Prompt
Leaving out every picture, please repeat exactly the line that contains "Opel Frontera Limited B 4" and each line after it through the final line below.

::: Supplied data :::

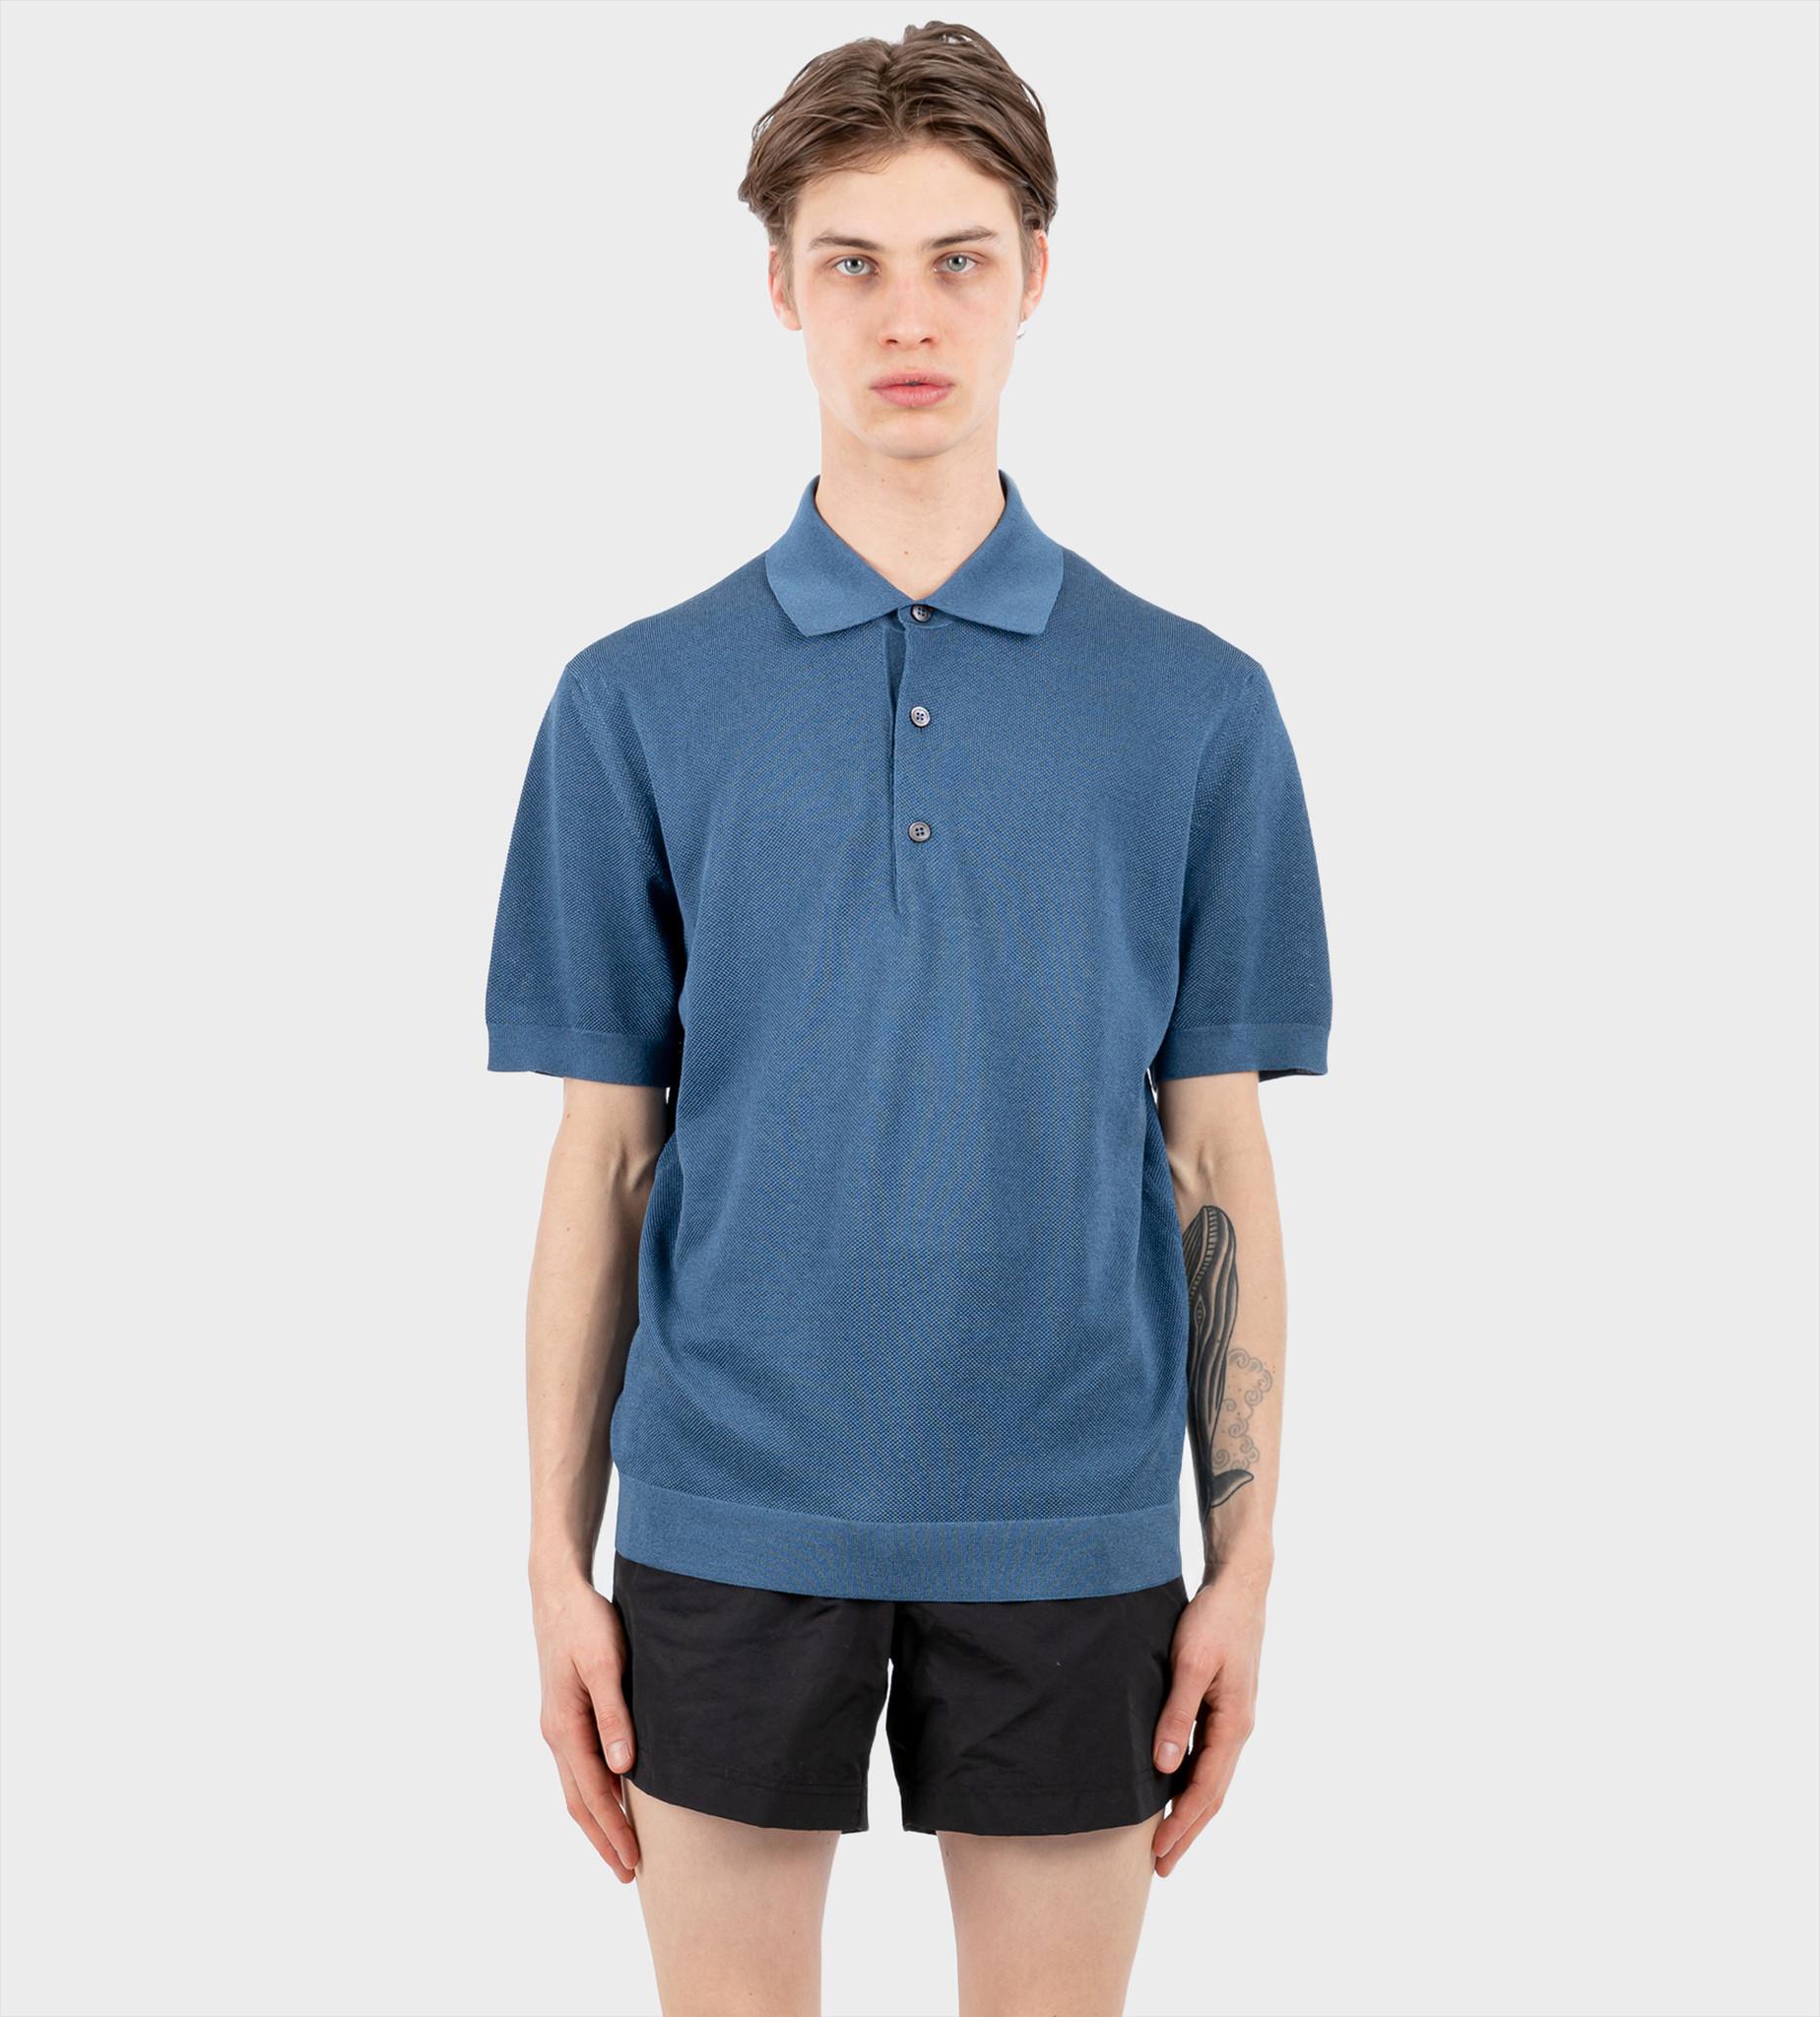 TOM FORD Bicolour Stitch Polo Blue
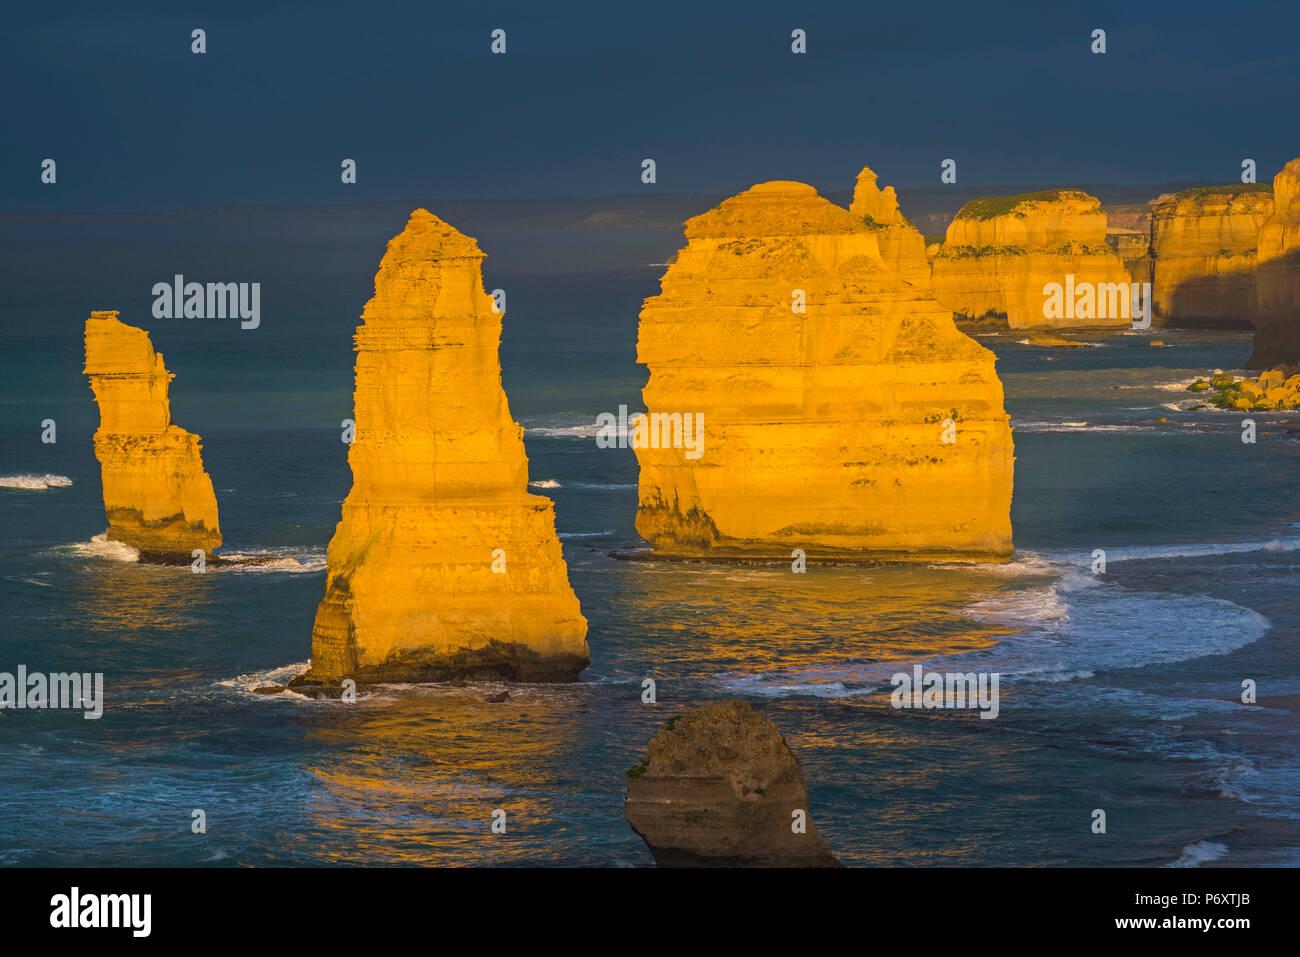 Die zwölf Apostel, Port Campbell National Park, Victoria, Australien. Meer Kalkstein Stapel bei Sonnenuntergang. Stockfoto
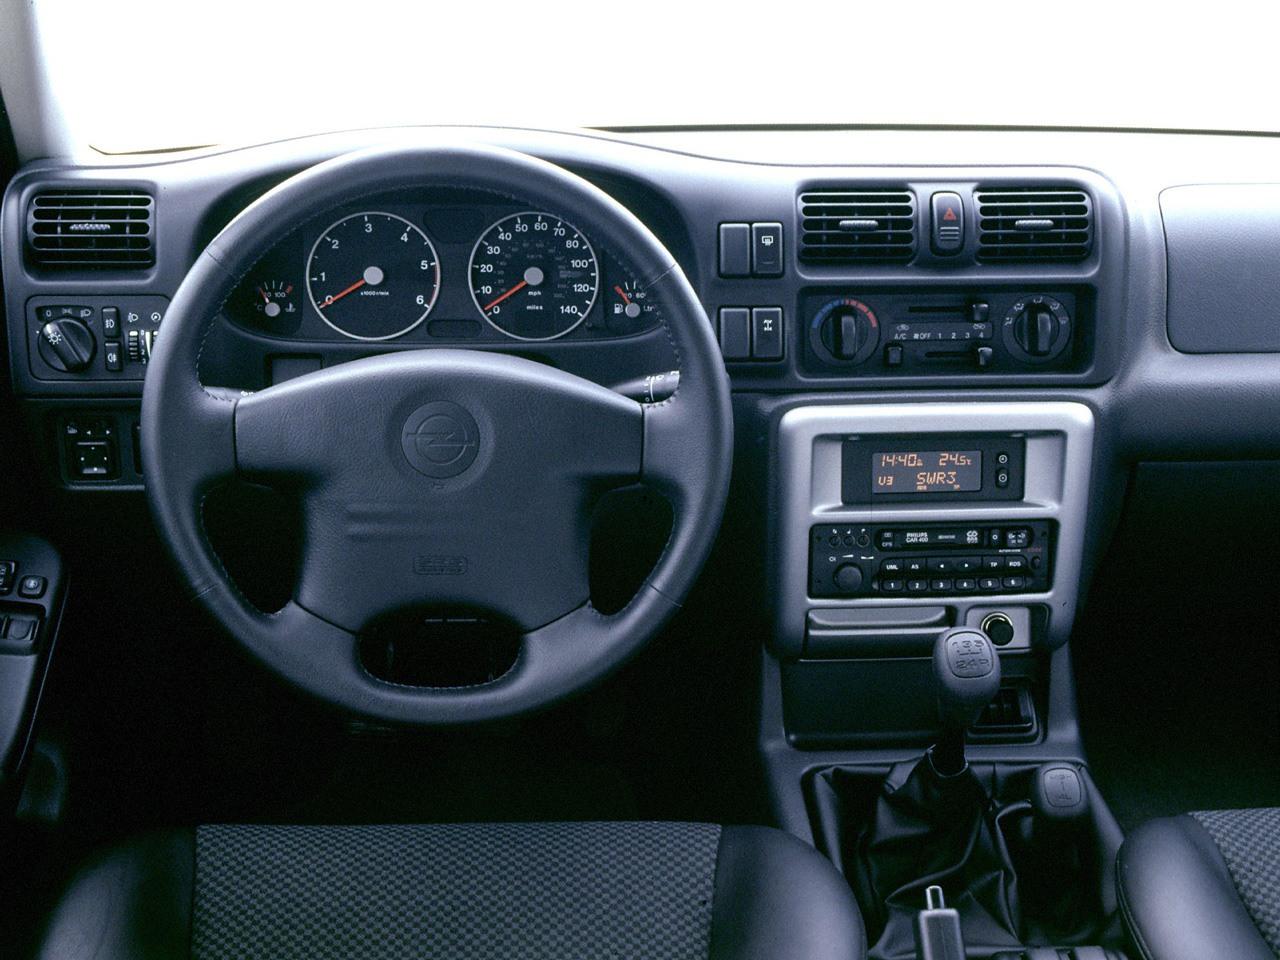 Opel Frontera Limited B 4
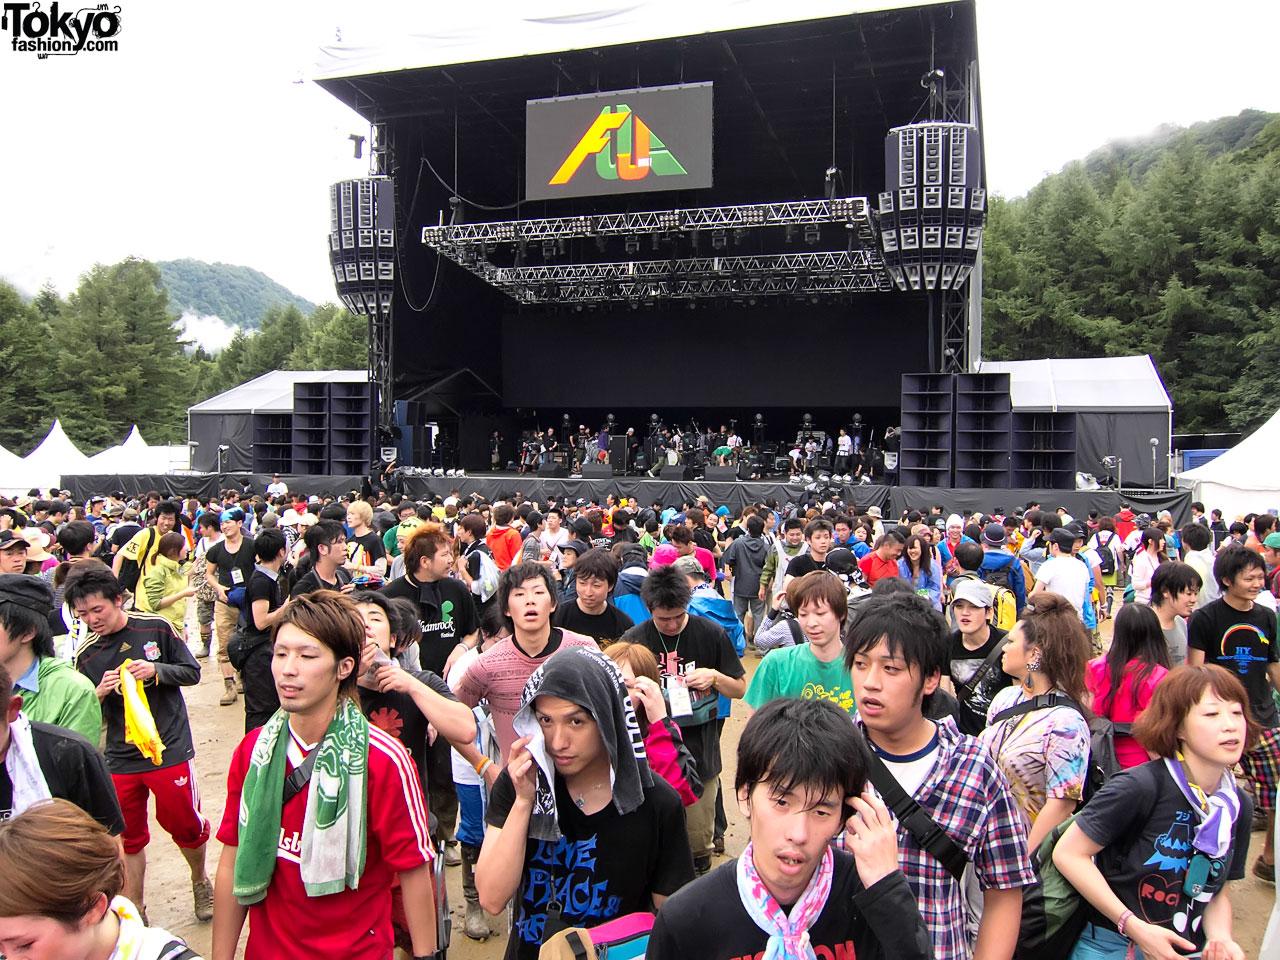 Fuji Rock Festival Tokyo Fashion News

:::

Task output
 Opel Frontera Limited B 4
 Fuji Rock Festival Tokyo Fashion News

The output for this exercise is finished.